Танюшка с матерью Олей жили в чудном доме, приютившемся между подножием и вершиной невысокой горы, почти над рекой, с некоторым трудом бегущей по камням к морю. От двухэтажного особняка по тропкам легко было спуститься и к реке, и в посёлок, и тайной, почти заросшей, дорогой вдоль замаскированного лесом склона выйти к длинному морскому пляжу, нелюдимому на этом ровном галечном участке, где сотни чаек проводили полжизни. Чайки во время шторма тоскливо над ним реяли, но отчаявшись и устав, сидели молчаливо или ступали по гальке тонкими пальцами.

Несмотря на узкий асфальтированный подъезд к дому, в школу в посёлок Танюшка шла вначале по тропке, а потом уже по асфальту. Рядом стояли дома пообтёрханнее, а чуть вдали – другие, ещё прекраснее их коричневого, заросшего плющом особняка. Дома в этих приморских джунглях могли разглядеть друг друга только зимой, сквозь стволы с их отростками замечая соседей на фоне серого или пятнистого от солнца пространства, искривлённого безлиственными росчерками ветвей.
  В июне у Танюшки был день рождения, в гости ждали отца, он трудился в некоей организации в большом городе за тысячу километров от них. Шестнадцать лет Тане, отпуск Михаила – две недели. То ли жил отец с матерью, то ли – нет, женаты они или в разводе, Таня понять не могла, оба отвечали на этот вопрос уклончиво. Отец приезжал редко. Мама работала товароведом в довольно большом магазине на трассе, добиралась на работу на своей небольшой машине. Жили они небогато, приходилось экономить даже на еде, их дом выглядел шикарным только с фасада, на задворках можно было обнаружить недостроенный чулан, и дикий лес начинался там, где заканчивалась клумба. Особняк танины родители давно выставили на продажу, но продать никак не могли.

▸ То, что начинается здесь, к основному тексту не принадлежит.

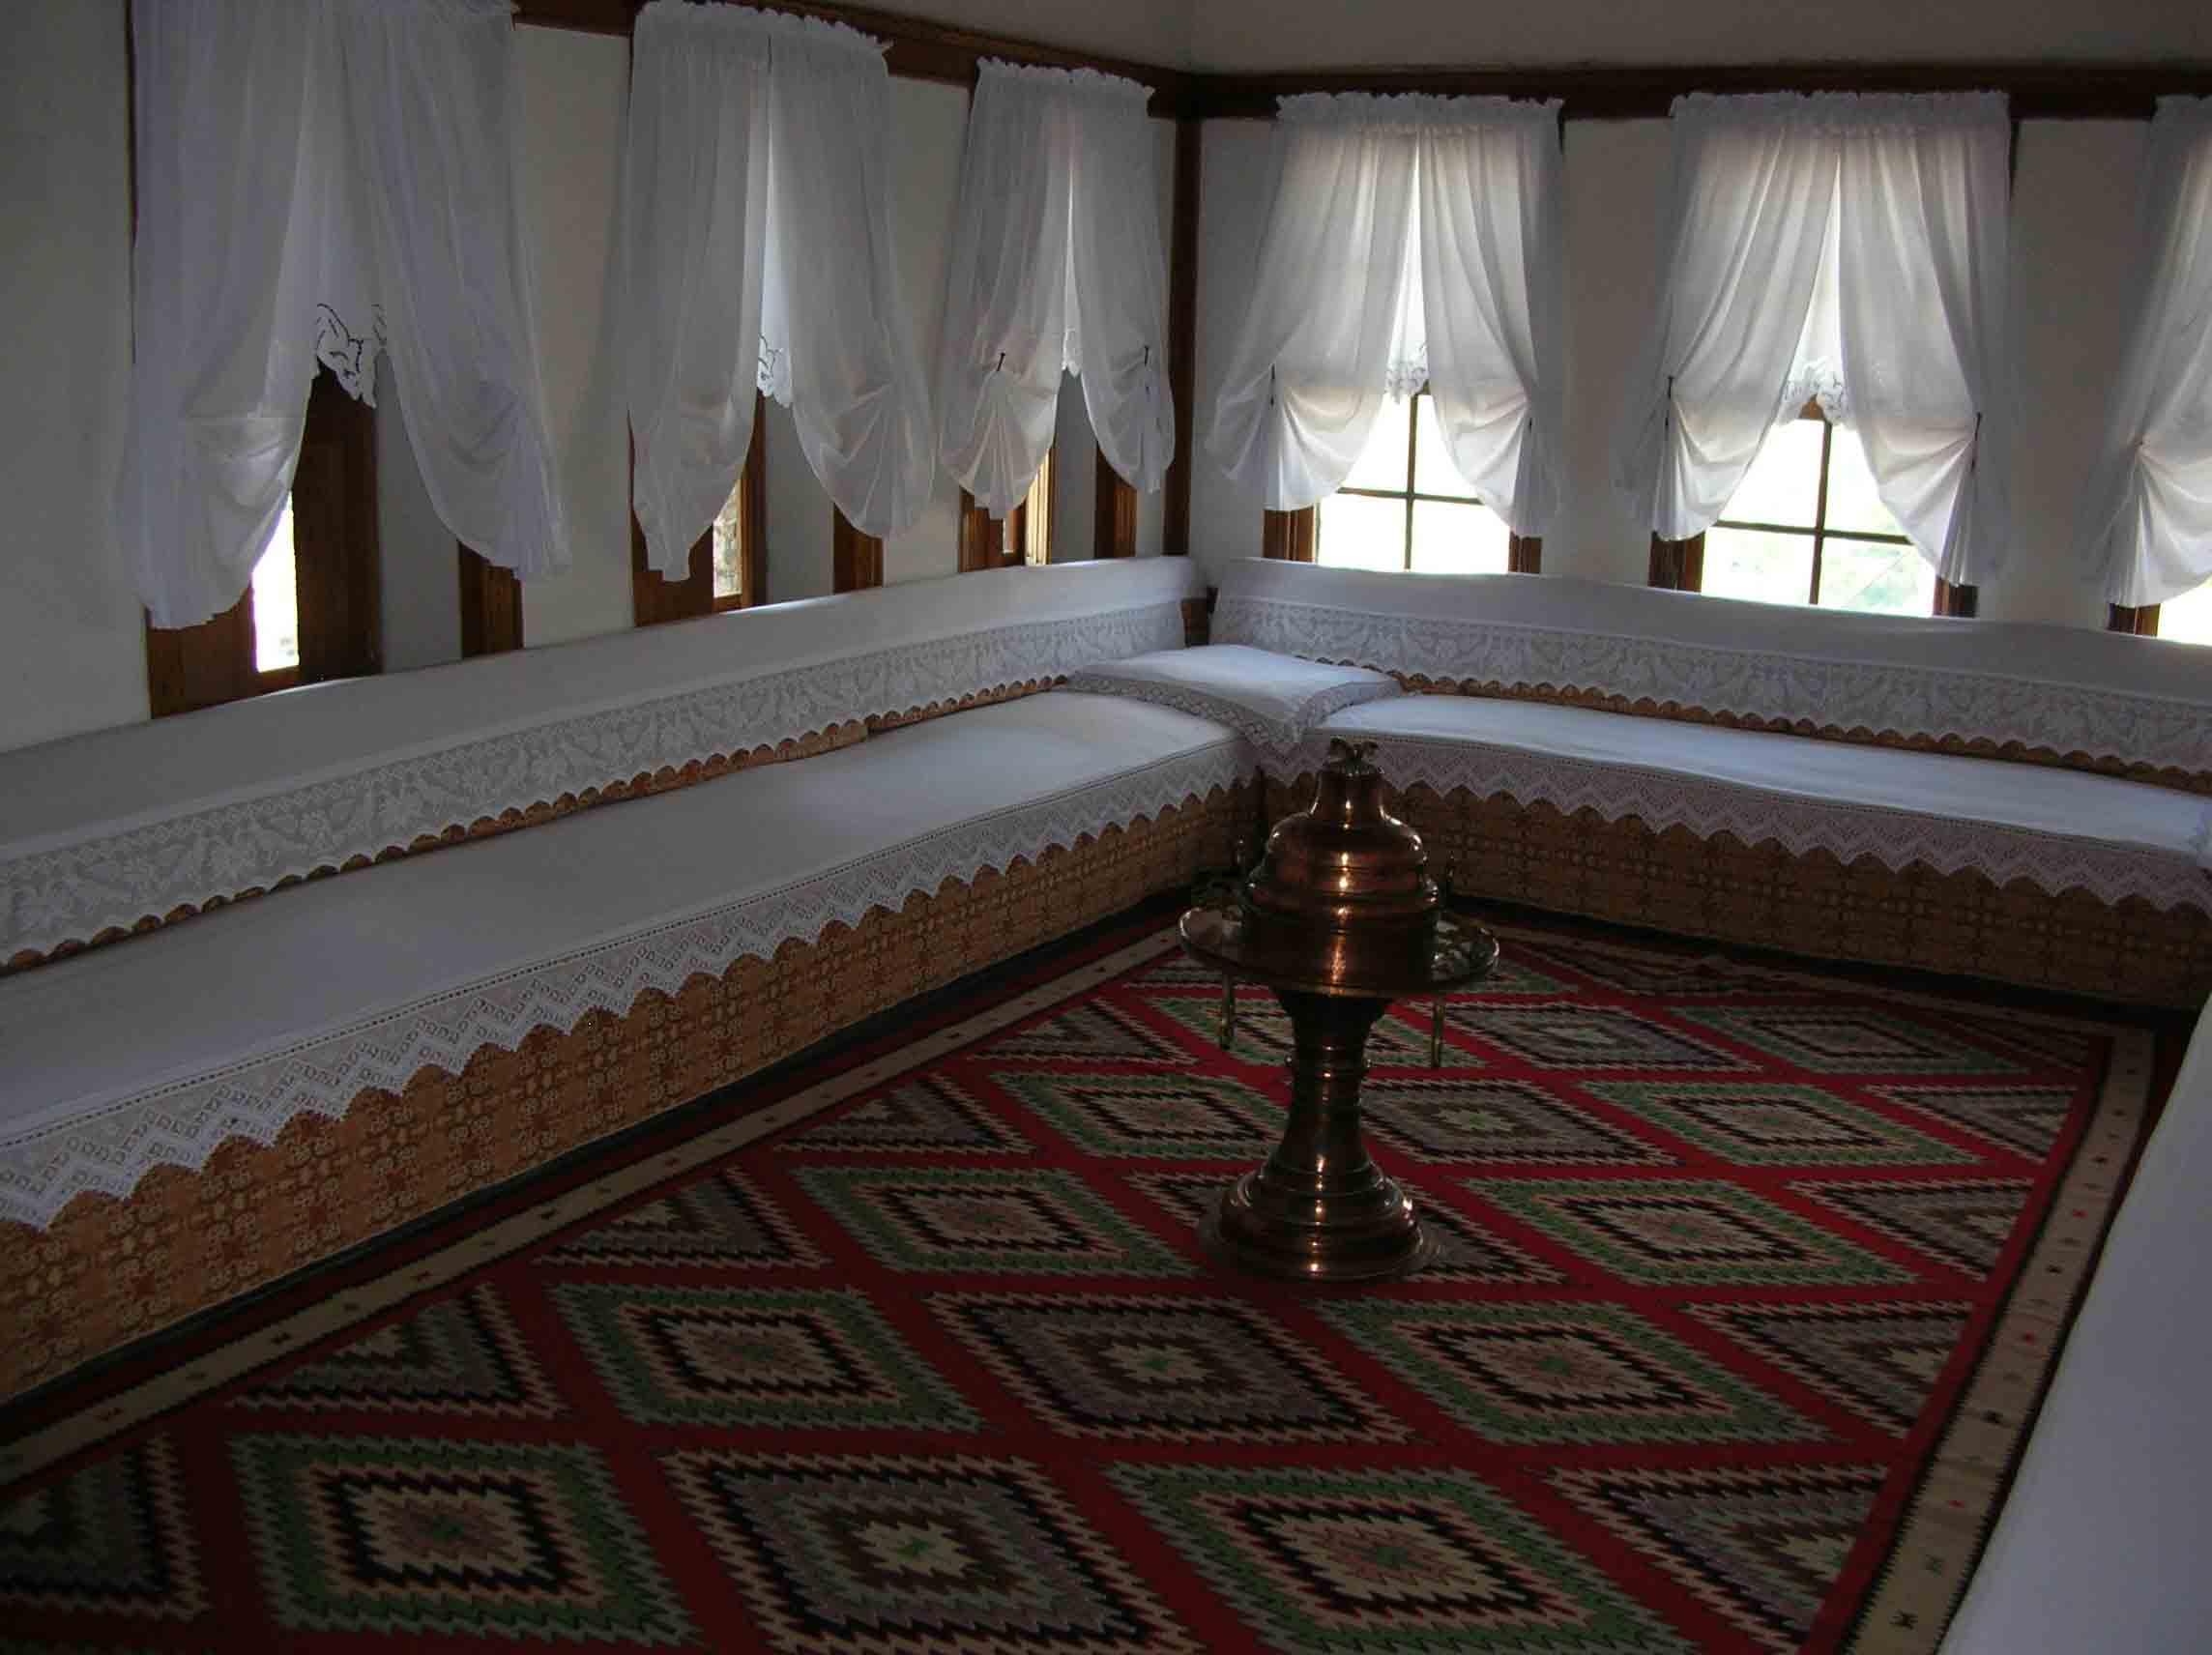 blick ins innere eines altstadthauses in gjirokastra

На первом этаже расположился большой холл с прихожей, ванной и камином, огромные его окна смотрели на реку или зелёные кусты в зависимости от времени года. Вверху стояли распашонкой две комнаты – комната дочери и спальня родителей. Зимой Ольга с Танюшей жили внизу, почти не поднимаясь на второй этаж, чтобы сэкономить на отоплении, и только если приезжали гости, расселялись иначе. Начиная с середины октября и по март приморский климат мог замести их снегом, залить дождём, насквозь продуть ветром, дни порою стояли такие, что выйти из дому, казалось, было невозможным, но они выходили, шли по своим делам, как всегда. И – радость! – непогода в этих местах обычно недолгая, прошёл дождь, растаял снег, и снова небо глубоко и беззаботно сияет, почти белое солнце счастливо блещет.
Гости приезжали редко, стараясь угадать с погодой. С наступлением апреля Танюшка в обнимку со своим маленьким обогревателем переезжала, наконец, к себе в комнату на второй этаж – к компьютеру, книгам, односпальной кушетке, большому столу, окну на две створки, откуда виднелся сосновый лес на диагональном склоне ближайшей горы. Примерно сорок пять градусов – думала она, выполняя задание по геометрии. Училась Таня хорошо, но не отлично, отвлекалась на мечты, интернет, просмотр телепрограмм, ей была поручена уборка дома, которую она умудрялась растянуть на всю неделю. Оля убирала только свою спальню, несложный ужин тоже нередко готовила Танюша. Таня бывала одна очень часто, много читала, особенно зимой, порою скучала, и мечтала она о взрослой жизни, весёлых компаниях, оживлённых улицах. Иногда, взяв собаку Ладу, девочка, зайдя в магазин за хлебом и какими-нибудь мелочами, приходила к близлежащей железнодорожной станции посмотреть – кто приехал, кто уехал, и, может быть, сказать кому-нибудь пару слов. В «Идиоте» Достоевского она читала о вокзалах с симфоническими оркестрами и местным обществом, съезжающимся к поездам: «В Павловском воксале* по будням, как известно и как все по крайней мере утверждают, публика собирается «избраннее», чем по воскресеньям и по праздникам, когда наезжают «всякие люди» из города.»
На их поселковой станции не было, разумеется, ни симфонического оркестра, ни собирающейся к нему публики, и всё же, и всё же.
Нынешним маем у девочек из танюшкиного класса появилась мода – приходить в школу с цветами в волосах. Цветы – лучшее украшение этих мест, тёплых и влажных, цвели они почти всегда: у окна, изгороди, на клумбе, вдоль стен. В конце мая тихо благоухали розы, белым обширным ароматом возвещали о себе магнолии, и бесконечное множество других растений виднелись повсеместно, радовали глаз, завораживали, завлекали всех, кого можно завлечь.  Школьницы откликались на их молчаливый призыв. Гибкие плети алых роз с аккуратно обрезанными шипами вплетались в пряди, венки из нивяника, имитирующего ромашку, обрамляли лица – девочки, почти взрослые внешне, но дети в реальности были в них похожи на счастливых островитянок. Учителя, конечно, боролись с этими явлением разбросанных лепестков и далёкими от падежей и формул мыслями, но безмолвные нимфы лишь улыбались в ответ отстранёнными, мудрыми от истинного знания улыбками.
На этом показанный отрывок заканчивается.